How to complete this task
Your job is to print, exactly, the lines in the data below from the line with "ES-GE 3-Achs-Satteltieflader - Radmulden" through the line with "Святковим концертом та", both included, and to omit any picture.
(Provided records begins)
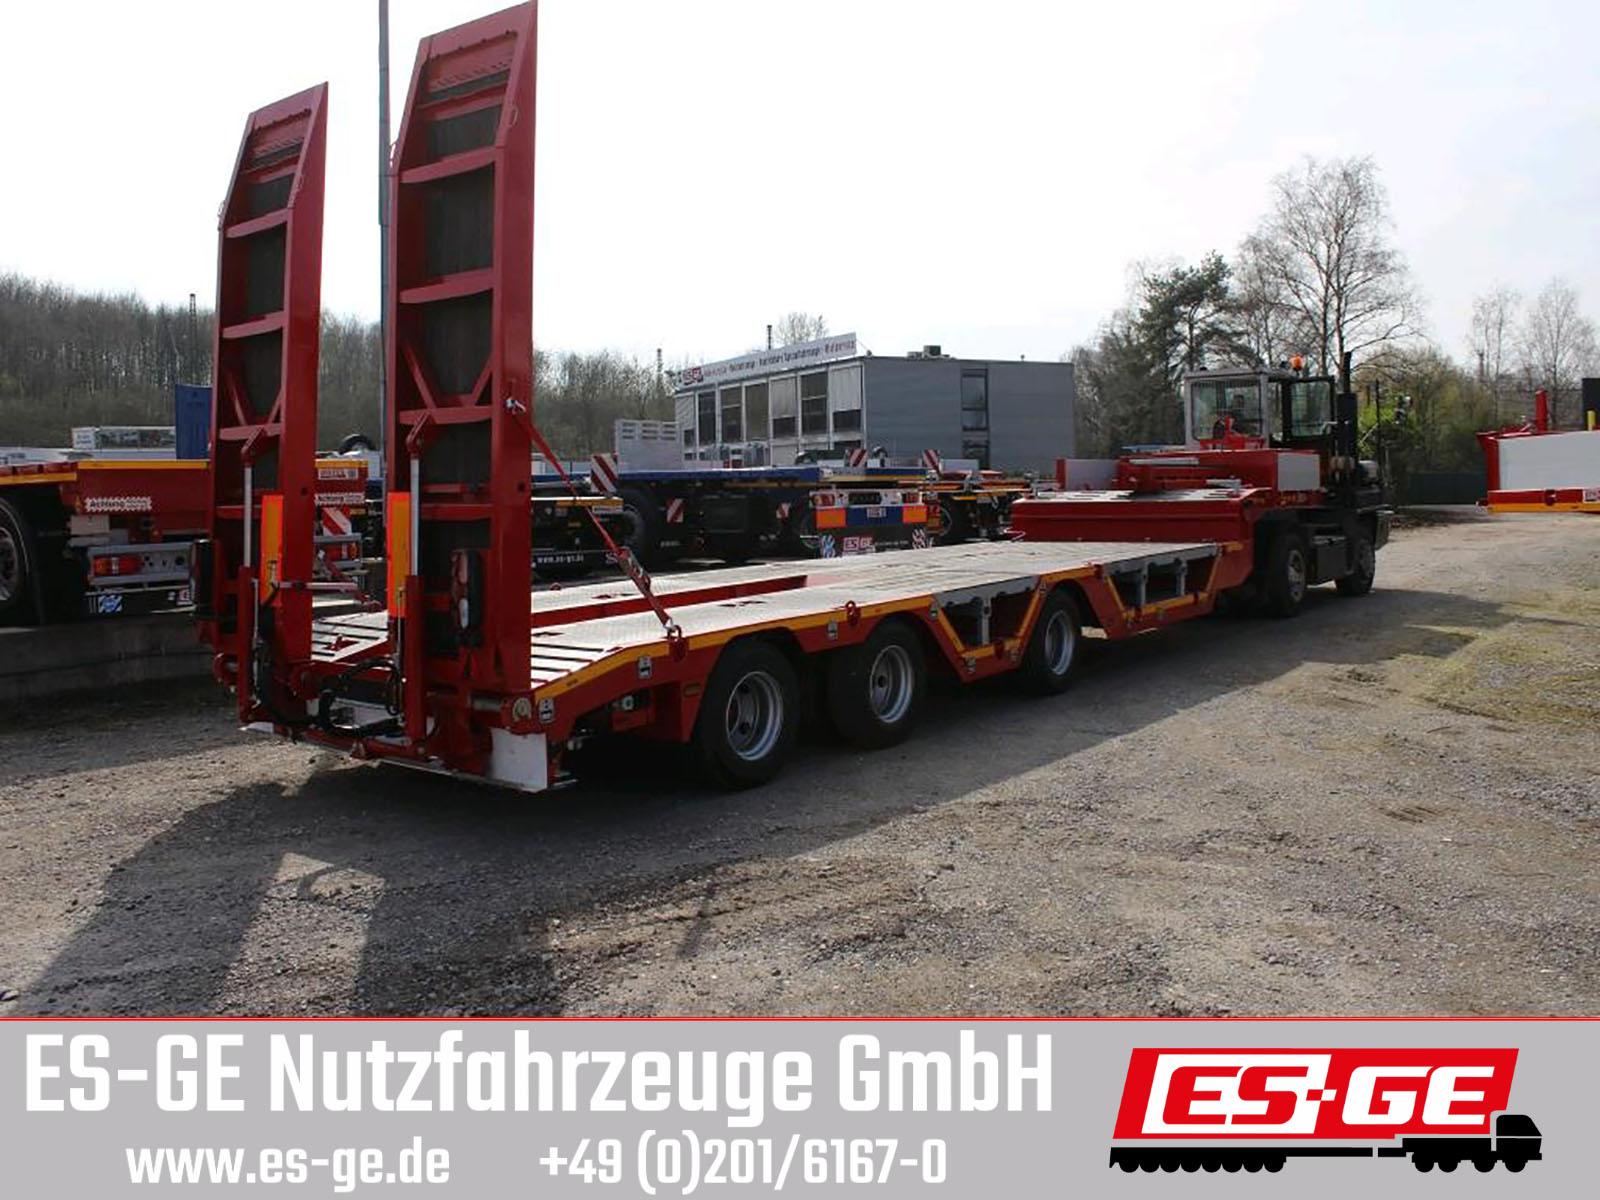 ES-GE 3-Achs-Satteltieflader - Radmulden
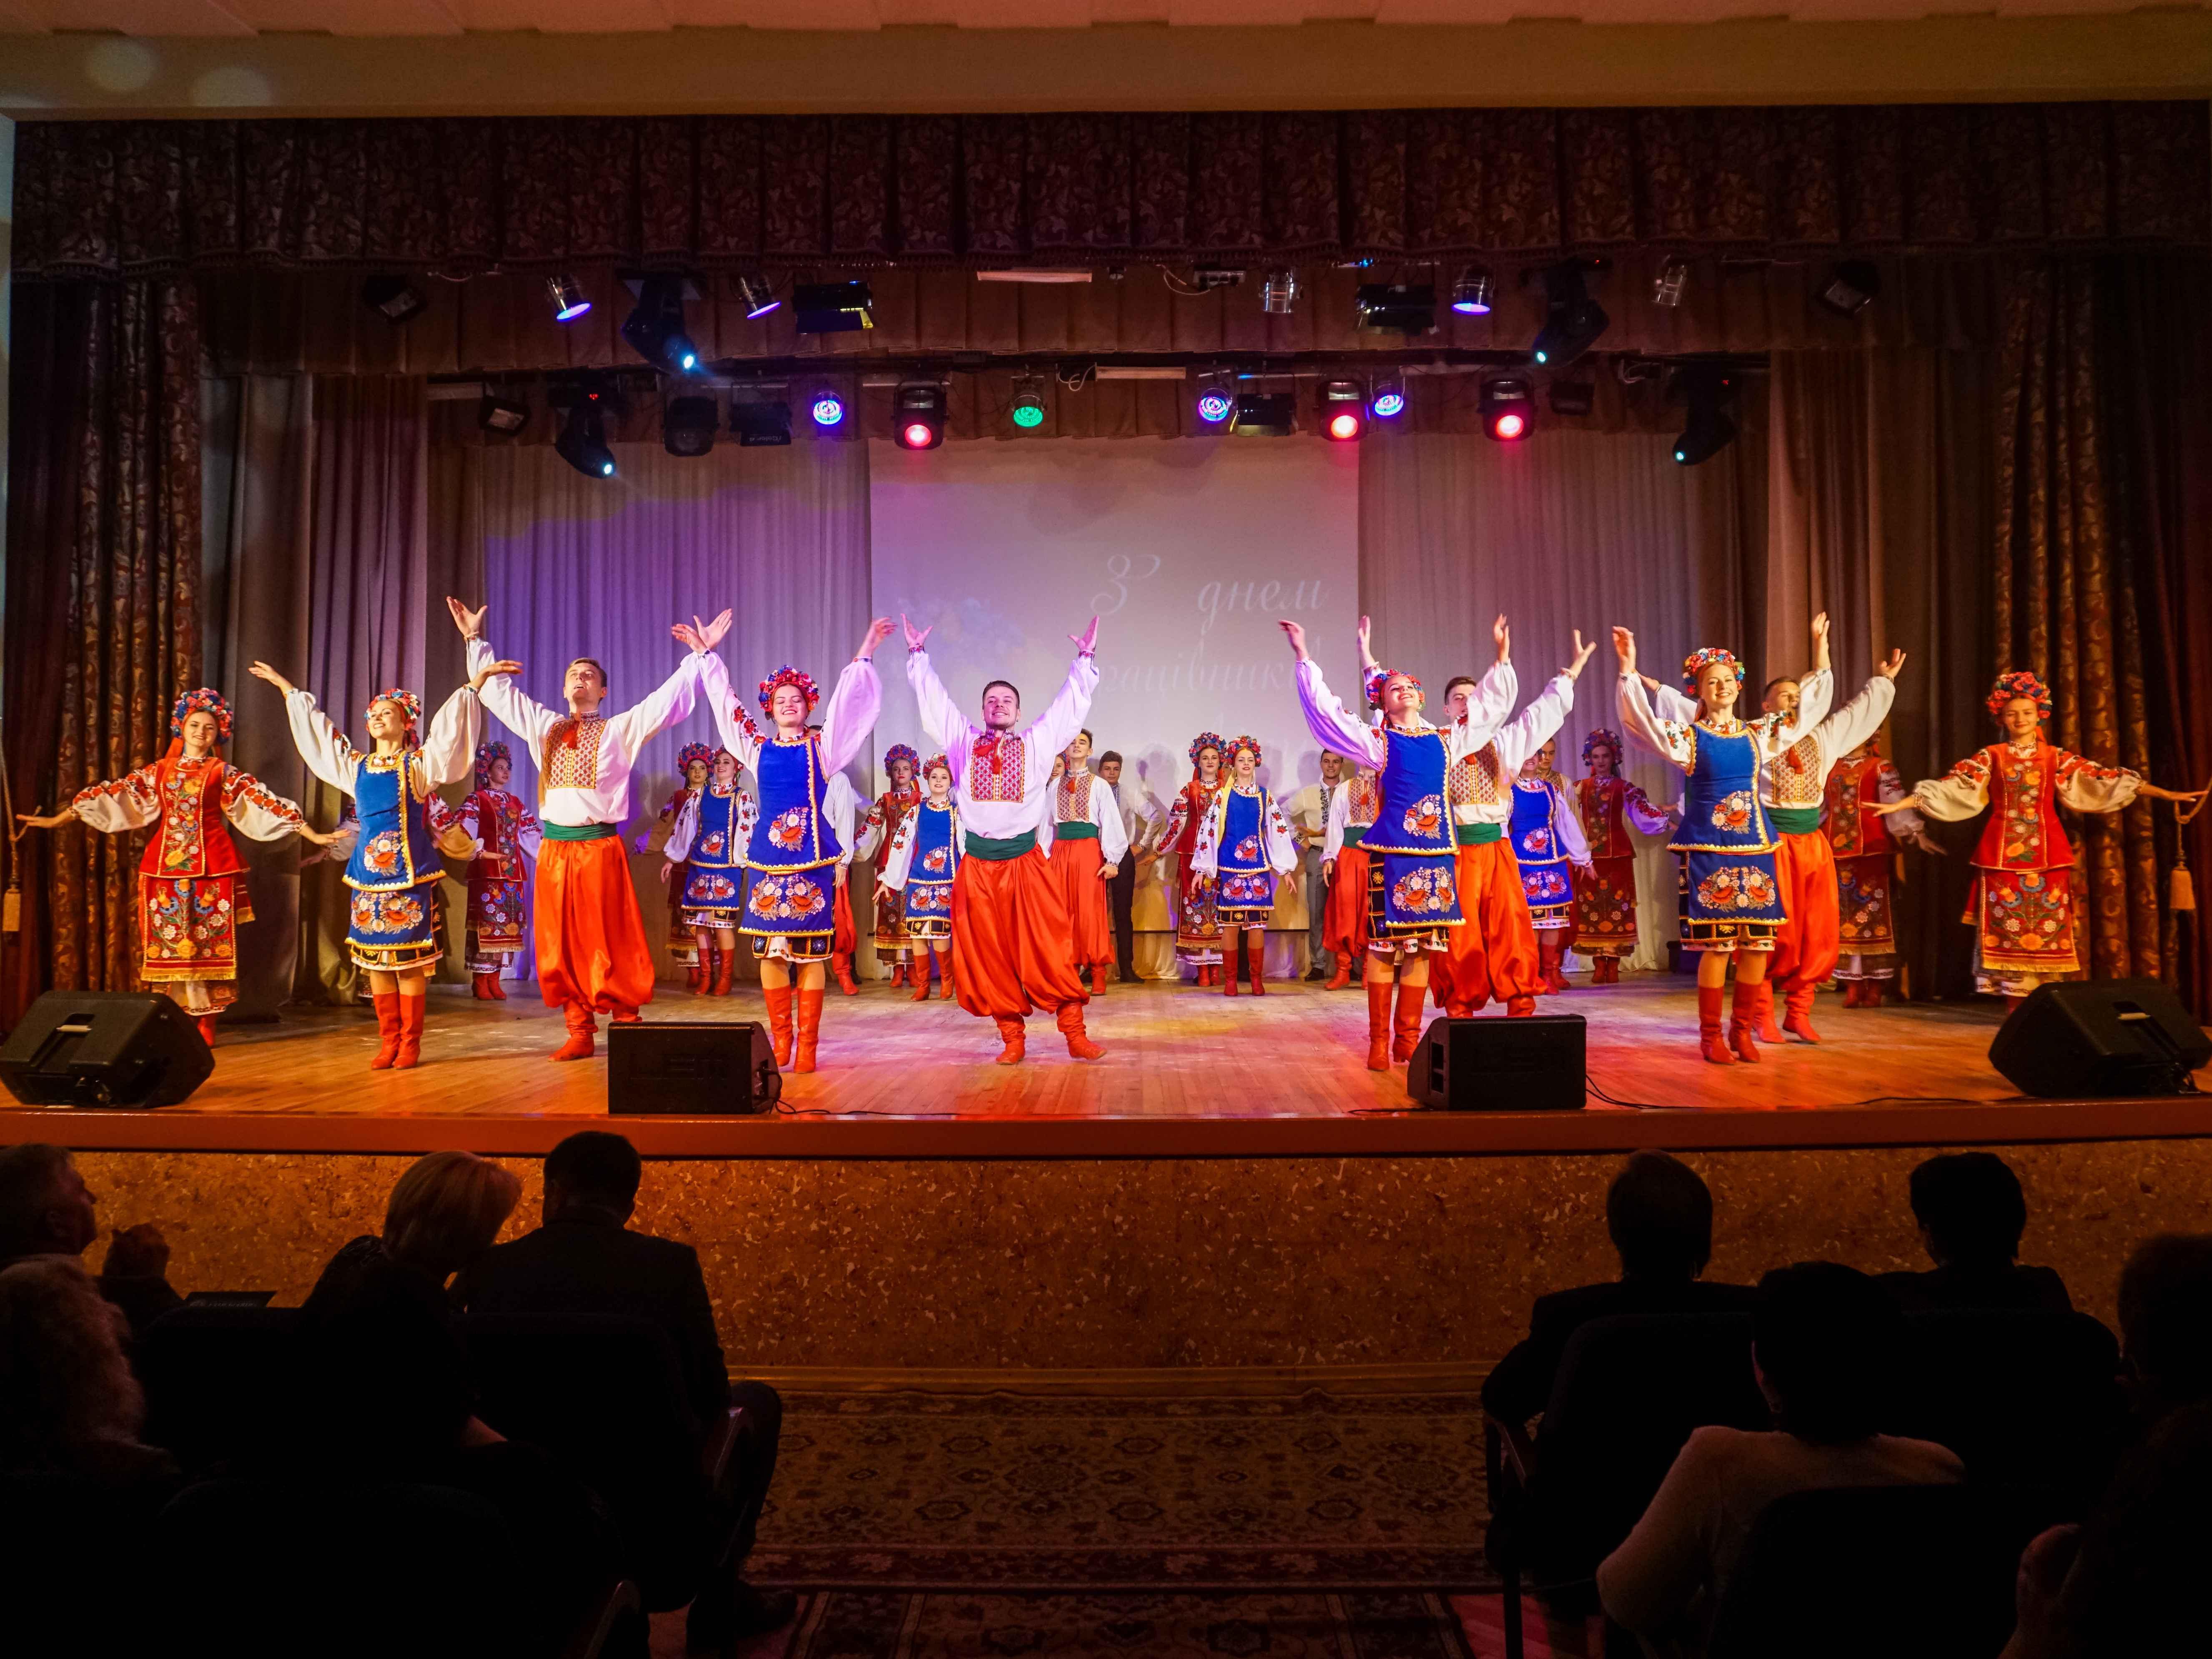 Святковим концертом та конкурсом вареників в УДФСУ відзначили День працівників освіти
(Provided records ends)
(Provided records begins)
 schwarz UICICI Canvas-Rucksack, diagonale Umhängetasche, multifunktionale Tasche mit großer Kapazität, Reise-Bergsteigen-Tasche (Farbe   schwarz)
(Provided records ends)
Written response
 ES-GE 3-Achs-Satteltieflader - Radmulden
 Святковим концертом та конкурсом вареників в УДФСУ відзначили День працівників освіти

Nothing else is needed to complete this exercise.